Спустя примерно месяц — чтобы быть точным, двадцать шестого января — я сидел дома и читал перед сном. Должен пояснить, что я занимаю квартиру, или скорее мезонин, в небольшом доме, поделенном на два владения. Семья, живущая на первом этаже, была в отъезде, так что я оставался в доме один, прислуга у меня приходящая. Когда зазвонил телефон, я взглянул на часы, было без четверти одиннадцать. Я взял трубку. Женский голос умолял меня немедленно прибыть по некоему адресу на Хэмпстед-Хис, чтобы нотариально засвидетельствовать завещание человека, находящегося при смерти.
— Голос был вам знаком?
— Нет. Похоже, звонила служанка. Во всяком случае, она говорила с сильным акцентом кокни[188]. Я спросил, не терпит ли это дело до завтра, но звонившая призывала меня поспешить, так как может оказаться поздно. С большой неохотой я оделся и вышел. Ночь была весьма противной, холодной и туманной. Мне повезло застать свободное такси на ближайшей стоянке. Мы поехали по адресу, в кромешной тьме было довольно трудно отыскать нужный дом, оказавшийся маленьким и стоявший на отшибе — к нему даже невозможно было подъехать. Я вышел из машины на дороге, ярдах в двухстах от него, и попросил таксиста подождать меня, так как сомневался, что удастся найти другую машину в таком месте и в такое время. Таксист поворчал, но согласился подождать, если я буду отсутствовать не слишком долго.
Я пошел к дому. Сначала мне показалось, что в нем совершенно темно, но потом я заметил, что в одном окне на нижнем этаже мерцает тусклый свет. Я позвонил. Никто мне не открыл, хотя я слышал громкую трель внутри. Я позвонил еще раз, потом постучал. Опять никакого ответа. Было жутко холодно. Я зажег спичку, чтобы убедиться, что это тот самый дом, который мне указали, и тут увидел, что дверь приоткрыта.
Решив, что служанка, которая мне звонила, слишком занята с тяжелобольной хозяйкой и не может оставить ее и что, вероятно, ей нужна помощь, я открыл дверь, вошел и услышал слабый голос, то ли стонавший, то ли звавший. Когда глаза мои немного привыкли к темноте, я на ощупь прошел вперед и заметил, что из-за двери слева пробивается слабый свет.

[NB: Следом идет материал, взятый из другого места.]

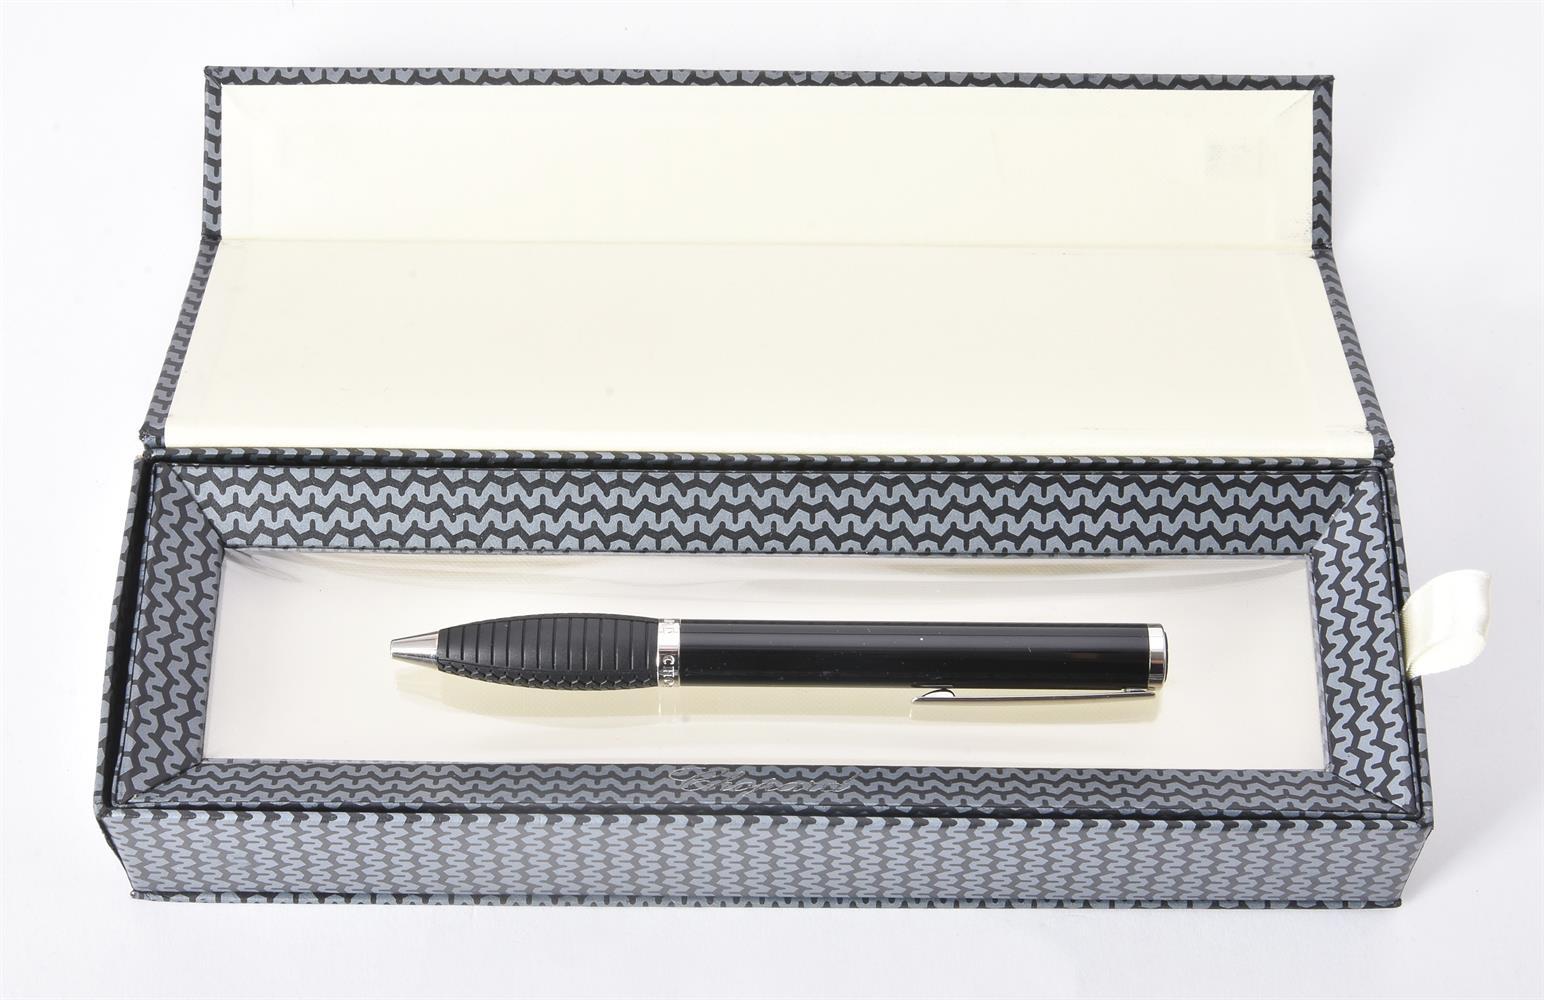 Chopard, Racing, ref. 95013-0001, a black resin and palladium ballpoint pen

— Это была та самая комната, в окне которой вы видели свет снаружи?
— Думаю, да. Я крикнул: «Можно войти?» — и низкий слабый голос ответил: «Да, пожалуйста». Я толкнул дверь и вошел в комнату, обставленную как гостиная. В одном углу стояла кушетка, небрежно, словно впопыхах застеленная простынями; на ней лежала женщина, больше в комнате никого не было.

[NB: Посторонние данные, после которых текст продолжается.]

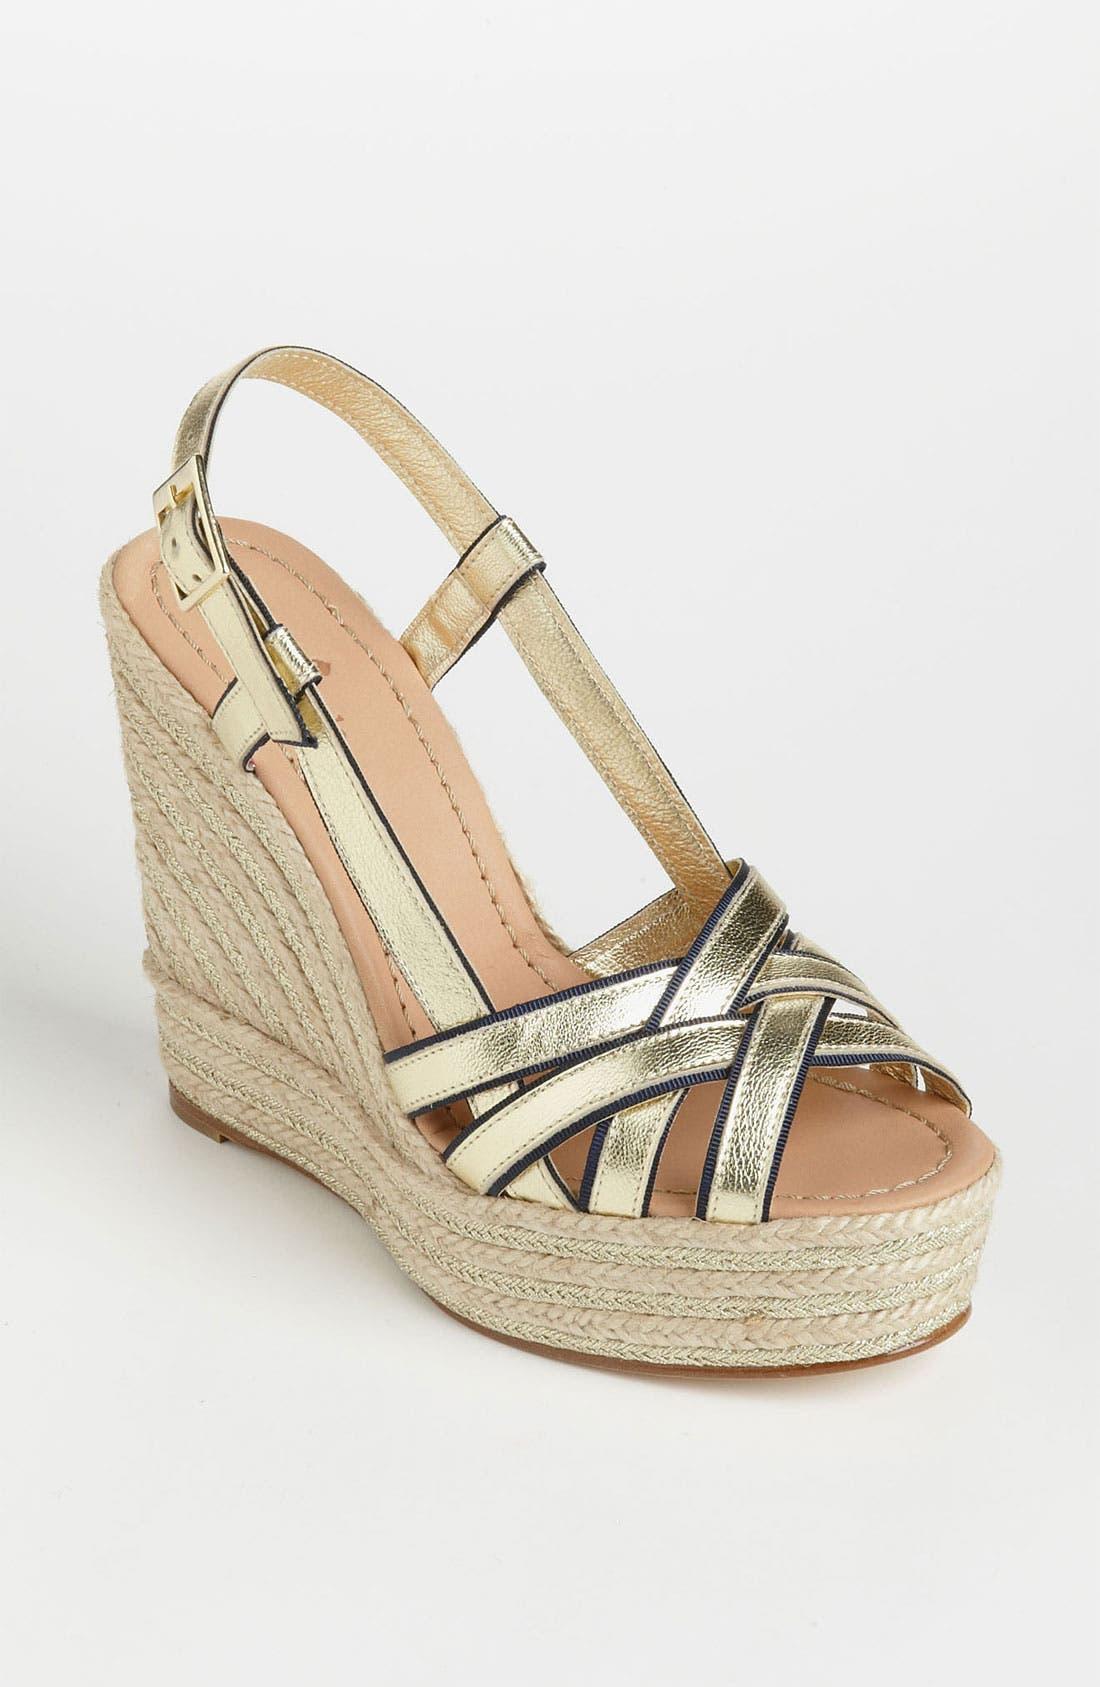 Alternate Image 1 Selected - kate spade new york 'ladan' wedge sandal

Я с трудом различал ее силуэт. Свет исходил только от маленькой масляной лампы под зеленым абажуром — видимо, чтобы щадить зрение больной. В камине горел огонь, однако он уже затухал. Тем не менее я разглядел, что голова и лицо женщины забинтованы. Я пошарил по стене в поисках выключателя, но дама сказала: «Нет, не зажигайте свет, пожалуйста, он мне режет глаза».
— А как она увидела, что вы ищете выключатель?
— Да, — согласился мистер Тригг, — это было странно. Впрочем, она произнесла это, когда я уже щелкнул выключателем, но ничего не произошло: свет не зажегся.
— Вот как?
— Да. Я предположил, что лампочку выкрутили или она перегорела. Тем не менее, ничего не сказав, я подошел к постели. Женщина полушепотом спросила: «Вы нотариус?» Я ответил «да» и поинтересовался, чем могу быть полезен.
Она ответила: «Я попала в ужасную аварию. Я умираю и хочу немедленно написать завещание». Я спросил, действительно ли она здесь совсем одна. «Да-да, — торопливо подтвердила она, — моя служанка вернется с минуты на минуту. Она побежала за доктором». «А разве она не могла позвонить ему? — удивился я. — Вы не в том состоянии, чтобы оставлять вас одну». «Мы не смогли дозвониться ни до одного врача, — ответила женщина. — Все в порядке, она скоро вернется. Не теряйте времени. Я должна написать завещание». Она говорила ужасным задыхающимся голосом, и я решил: лучше всего сделать так, как она хочет, чтобы не волновать ее. Я пододвинул стул к столу, на котором стояла лампа, достал авторучку и бланк завещания и сказал, что я к ее услугам.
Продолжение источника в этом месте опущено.